This is the second time in less than three months that the basketball player has been seen on Instagram holding what seems to be a weapon. In the latest video, which was widely shared on social media, Morant was seen in a passenger seat of a vehicle briefly appearing to hold a handgun. The player has since released an apology for the incident.
“I know I’ve disappointed a lot of people who have supported me,” Morant said in a statement, according to The New York Times. “This is a journey and I recognize there is more work to do. My words may not mean much right now, but I take full accountability for my actions. I’m committed to continuing to work on myself.”
As a result of the social media post, Morant has been suspended from all Grizzlies activities pending another NBA review, the team said in a statement. NBA spokesperson Mike Bass told AP, “We are aware of the social media post involving Ja Morant and are in the process of gathering more information.”

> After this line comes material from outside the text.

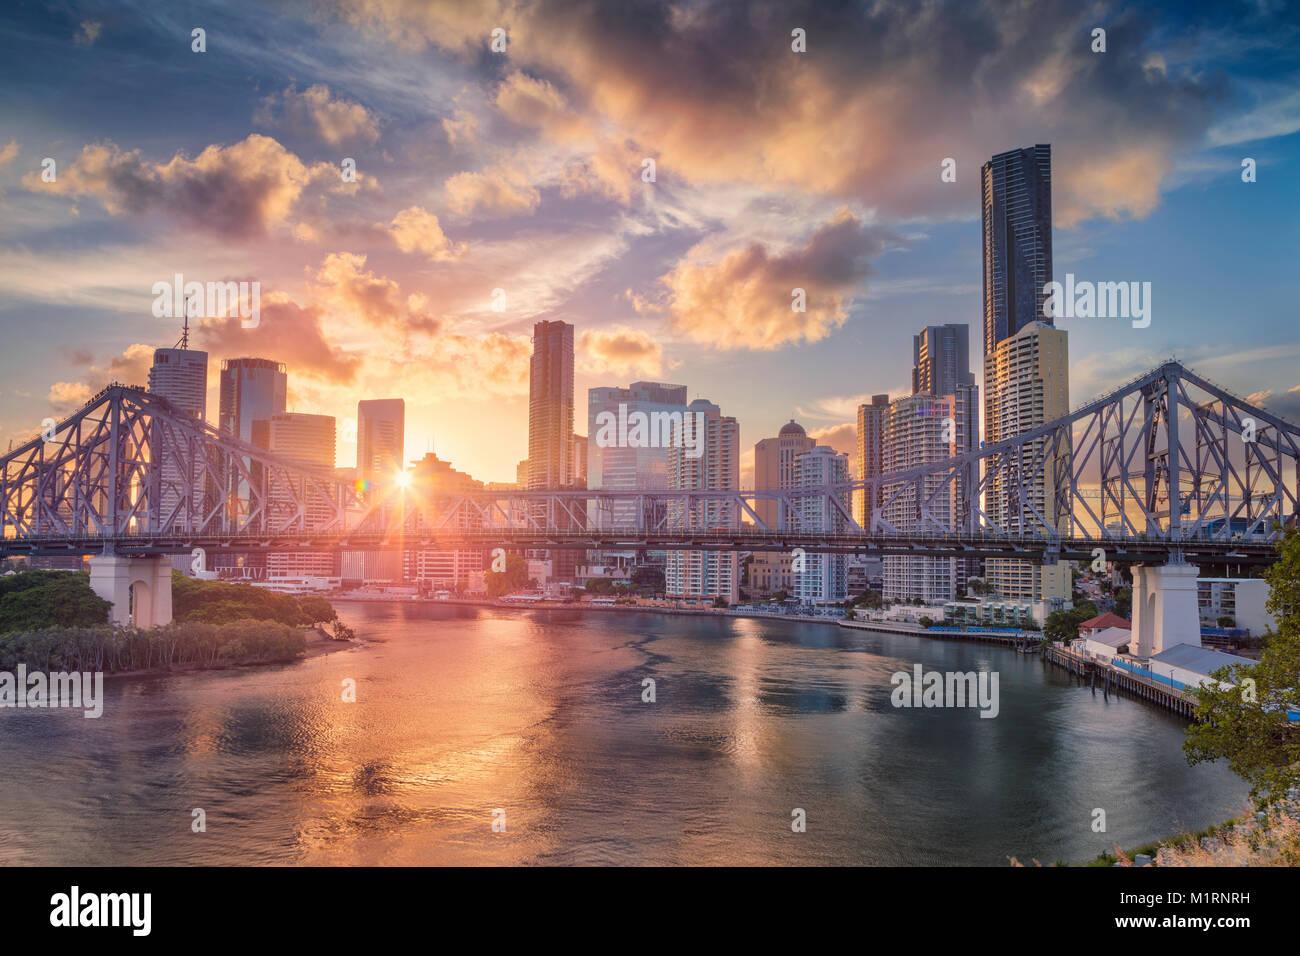 Brisbane. Cityscape immagine della skyline di Brisbane, Australia con Story Bridge durante il tramonto spettacolare. Immagini Stock

Back in early March, there was an NBA investigation that found that Morant was live-streaming a video while “holding a firearm in an intoxicated state” while visiting a Denver-area nightclub. He was given an eight-game suspension without pay, which cost him about $669,000 in salary, The Associated Press reported. Following that incident, Coca-Cola–owned Powerade pulled his ad almost immediately.
In the same month, The Washington Post reported that Morant punched a 17-year-old during a basketball game at the NBA player’s house, leaving a “large knot” on his head. The teenager reportedly told detectives that after the altercation, Morant went into his house and re-emerged with a firearm visible in the waistband of his pants. In a statement to the paper, the guard’s agent called the allegations “unsubstantiated rumors and gossip.” Morant was not charged after the incident.